13 Jan 12 - 08:50 AM (#3289905)
Subject: RE: Luddites & Mill Song
From: r.padgett

I can report that there are two initiatives to stage play/song works on the Luddites/Croppers

One to be at Hudersfield, West Yorks and the other via The Drovers folk club who will I believe be doing one or two at and around Cleckheaton folk festival time 2012

Ray

ps
I have asked then to ensure that they record on DVD and similar from the Drovers see also www.yorkshirefolksong.net


13 Jan 12 - 09:18 AM (#3289924)
Subject: RE: Luddites & Mill Song
From: RTim

A Song from Hampshire, collected by DR. George Gardiner.

Tim Radford

>>>>>>>>>>>>>>>>>>>>>>>>>>>>>>
The Owslebury Lads
The thirteenth of November, eighteen hundred and thirty,
The Owslebury lads they did prepare all for the machinery,
And when they did get there, my eye! how they let fly,
The machinery flew to pieces in the twinkling of an eye.

Chorus
The mob, such a mob, you have never seen before,
And if you live for a hundred years you never will no more.

0 then to Winchester we were sent, our trial for to take,
And if we do have nothing said, our counsel we shall keep;
But when the judges did begin, I'm sorry for to say
So many there was transported for life and some was cast to die.

Some times our parents they comes in all for to see us all,
Some times they bring tobaccy or a loaf that is so small;
Then we goes into the kitchen and sits all around about,
There is so many of us in there that we all be soon smoked out.

At six o'clock in the morning our turnkey he comes in
With a bunch of keys all in his hand tied up all in a string,
And we can't get any further than back across the yard,
With a pound and a half of bread a day,
Now don't you think that hard?

At six o'clock in the evening the turnkey he comes round,
The locks and bolts do rattle like the sounding of a drum,
And we are all locked up again all in our cells so high,
And there we stay till morning, whether we live or die.

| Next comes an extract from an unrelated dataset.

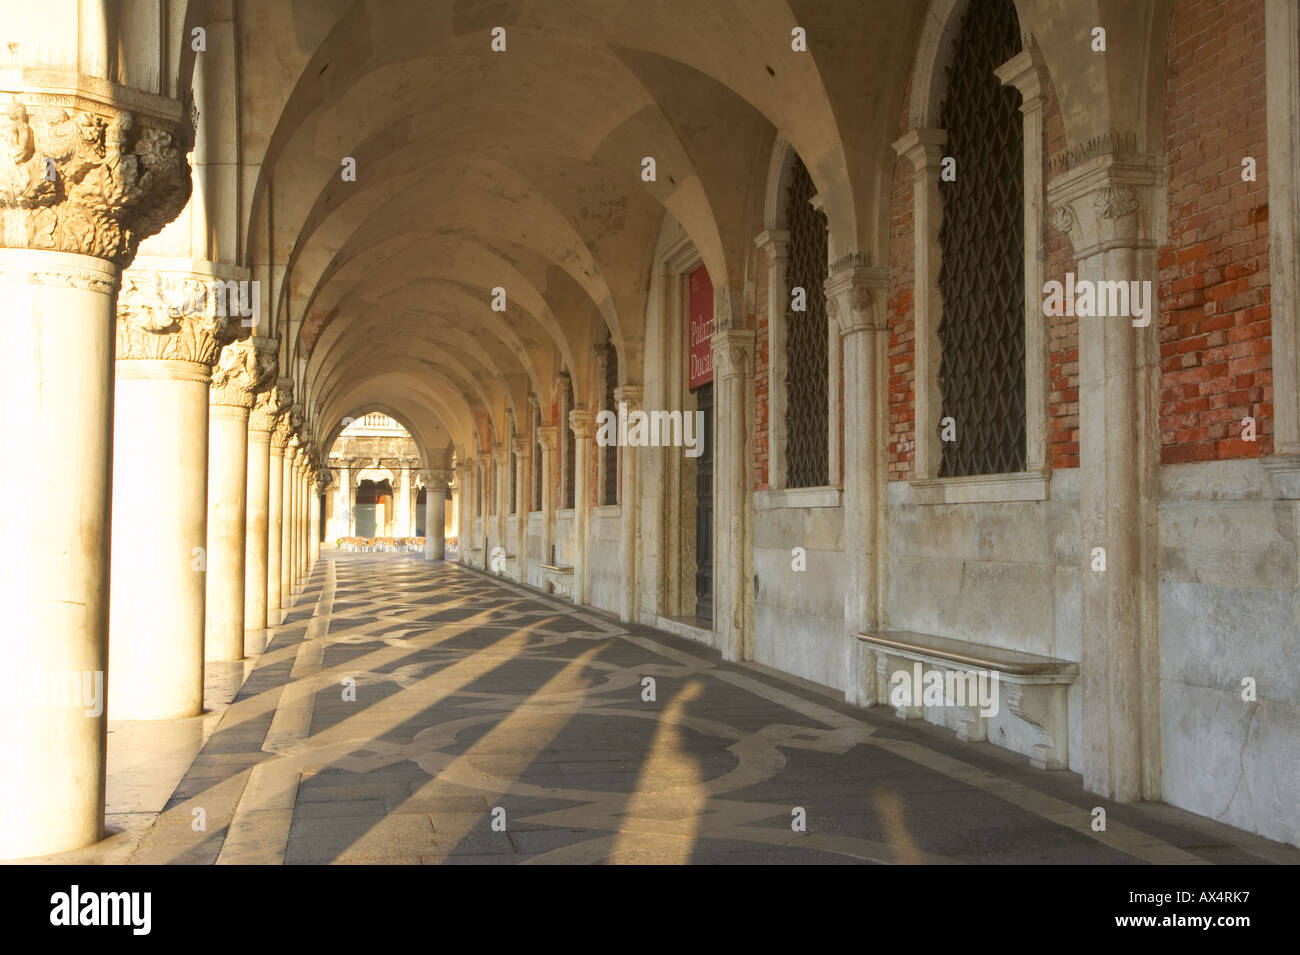 Collonade of the Palazzo Ducale Venice Stock Photo
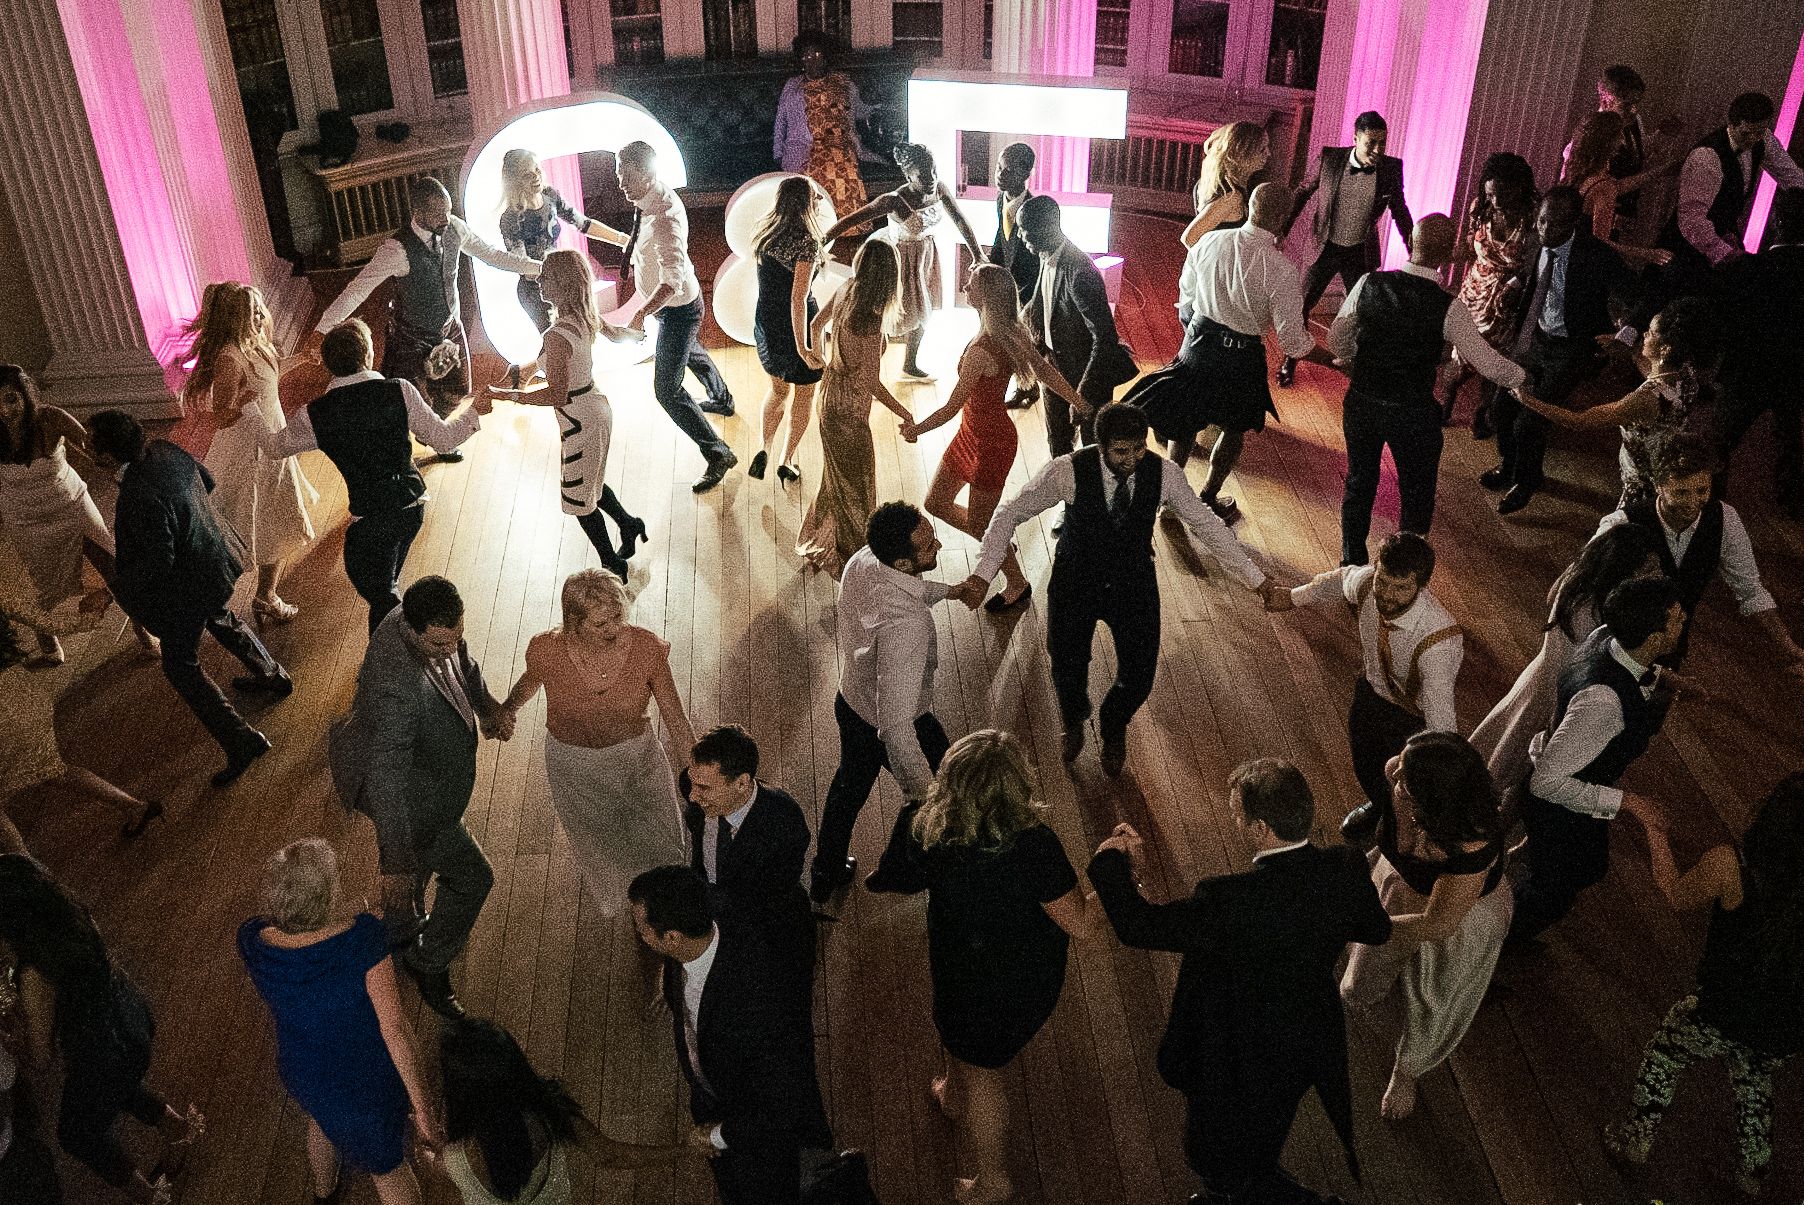 wedding guests dancing

And now for to conclude and finish with my song,
1 trust you gentlemen round me will think that I'm not wrong,
And all the poor in Hampshire for rising of their wages
I hope that none of our enemies will ever want for places.


Collected from James Stagg, Winchester - March 1906 (H204)
Really in 1830 not 1813.


13 Jan 12 - 09:57 AM (#3289949)
Subject: RE: Luddites & Mill Song
From: DebC

Remembering Malcolm.

And of course he was absolutely correct when it comes to giving credit. Thanks, Malcolm.